A real-time video anonymization system designed for privacy-preserving video monitoring. The system detects and anonymizes people in video streams while preserving visual content for security, home automation or other monitoring purposes. The main idea is to allow the use of more powerful AI models for processing the video stream while keeping the visual content private. This way, the user can use the full power of AI models whether they are deployed on-premise or in the cloud minimizing concerns about privacy.
Built specifically for the reCamera SG200X platform with additional implementations for development and desktop use.
- Real-time human detection using YOLOv11 segmentation models
- Multi-platform support: Python, C++, reCamera
- Multiple anonymization modes: blur, background replacement, solid fill (C++ implementations use background replacement)
- Background modeling using different OpenCV algorithms (Python only). C++ implementation uses a simplified method.
- Visual object tracking to handle missed detections (Python only)
- RTSP streaming for reCamera devices
- GPU acceleration support in Python and C++ implementations
This repository contains three distinct implementations:
Location: python/
Best for: Development, testing, and desktop applications
- Easy to use and modify
- Interactive preview and debugging
- Several configuration options and modes
- OpenCV for video processing
- GPU acceleration support (CUDA)
Location: cpp/default_project/
Best for: High-performance applications on standard platforms
- Cross-platform C++ implementation
- ONNX Runtime for model inference
- OpenCV for video processing
- GPU acceleration support (CUDA)
Location: cpp/recamera_project/
Best for: Edge deployment on reCamera devices
- Optimized for Sophgo SG200X ReCamera
- RISC-V architecture support
- OpenCV for video processing
- H.264 RTSP streaming
- TPU acceleration for AI inference
- Low power consumption optimized for edge deployment
- Limitations: Only supports a simplified background replacement anonymization mode due to computational constraints
cd python
pip install -r requirements.txt
python main.pyFollow the instructions in the cpp/README.md file to build the projects.
- YOLOs-CPP: C++ implementation of YOLO models for object detection.
- ONNX Runtime
- OpenCV
- CMake
- C++17 compatible compiler
- Sophgo SG200X SDK and RISC-V GNU Toolchain
- sscma-example-sg200x: reCamera applications using SSCMA, a middleware for Sophgo camera devices with AI acceleration.
- OpenCV (3.4.13)
The system uses by default the following segmentation models:
- Python:
yolo11n-seg.pt. Automatically downloaded by Ultralytics library. - Default C++:
yolo11n-seg.onnx. Needs to be downloaded and converted using YOLOs-CPP library - reCamera:
yolo11n-seg.cvimodel. Included in the reCamera device. - Class labels:
models/coco.names
The Python and the default C++ implementation can use more powerful models than the YOLO "nano" version to obtain better results.

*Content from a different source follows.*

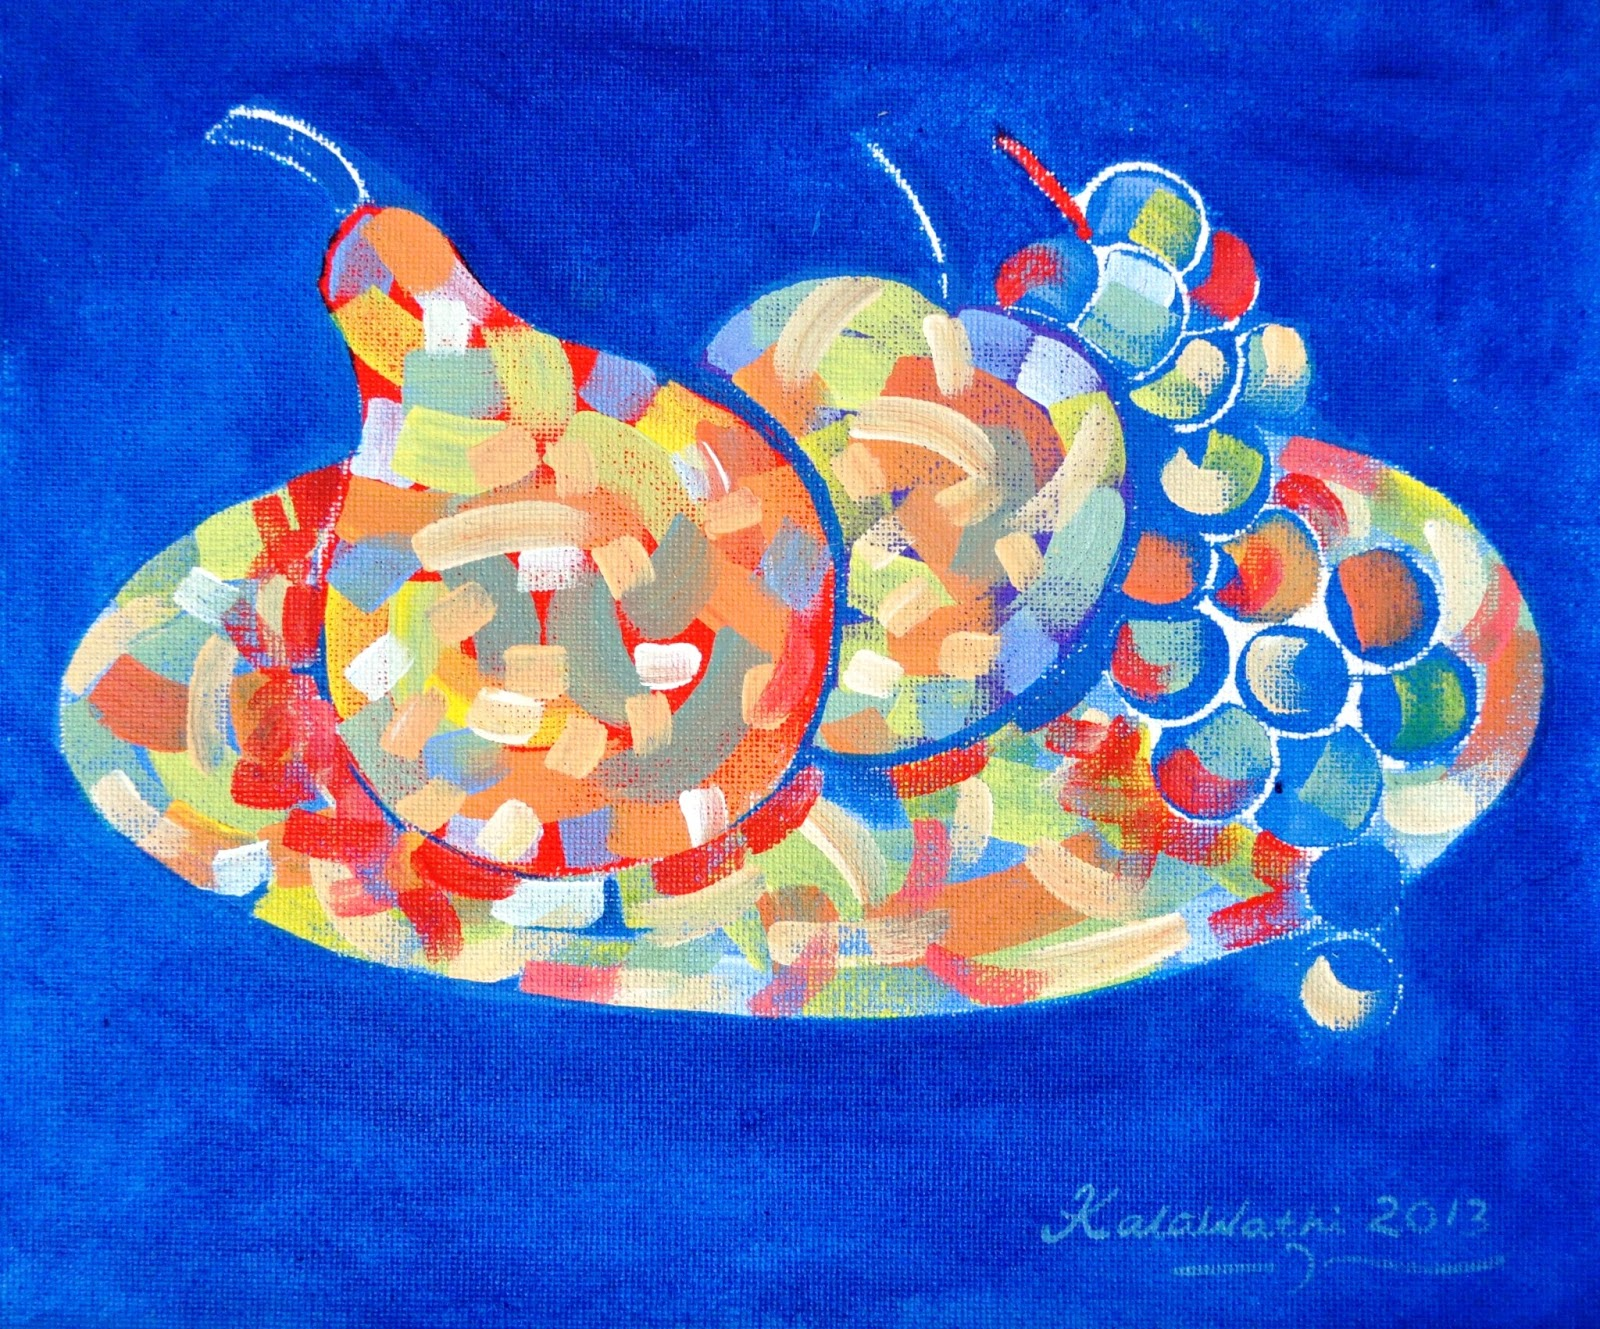 Kalawathi Kunst Vangogh Stil Wassily Kandinsky Stil Pointillismus

Given a detection mask such as the one shown below, the system can apply different anonymization modes:
A solid fill is applied to the detected mask so the human is completely hidden.
A Gaussian blur is applied to the detected mask so the human cannot be identified.
The detected mask is replaced with the background model. This background model is learned from the previous frames of the video stream, taking into account only the areas with no people detected. This background model is updated over time to adapt to the changes in the scene.
The C++ and reCamera implementations only support a simplified version of this method due to computational constraints in the reCamera device.
- Frame Capture: Get video frame from source
- Human Detection: YOLO model detects people and generates segmentation masks
- Visual Object Tracking: Track detected objects across frames to handle missed detections (Python only)
- Background Modeling: Learn and update background model over time
- Mask Processing: Combine detection masks with morphological operations
- Anonymization: Apply chosen anonymization method to human regions
- Output: Stream or save processed frame
- Process previous frames of a detection to enhance privacy. This requires delaying the video stream
- Performance optimization of reCamera implementation. The AI model output can be processed more efficiently
- Export detection information to MQTT for HomeAssistant integration
- Stream video using other protocols than RTSP
- Update OpenCV to a more recent version in the reCamera implementation
This project is licensed under the MIT License. See the LICENSE file for details.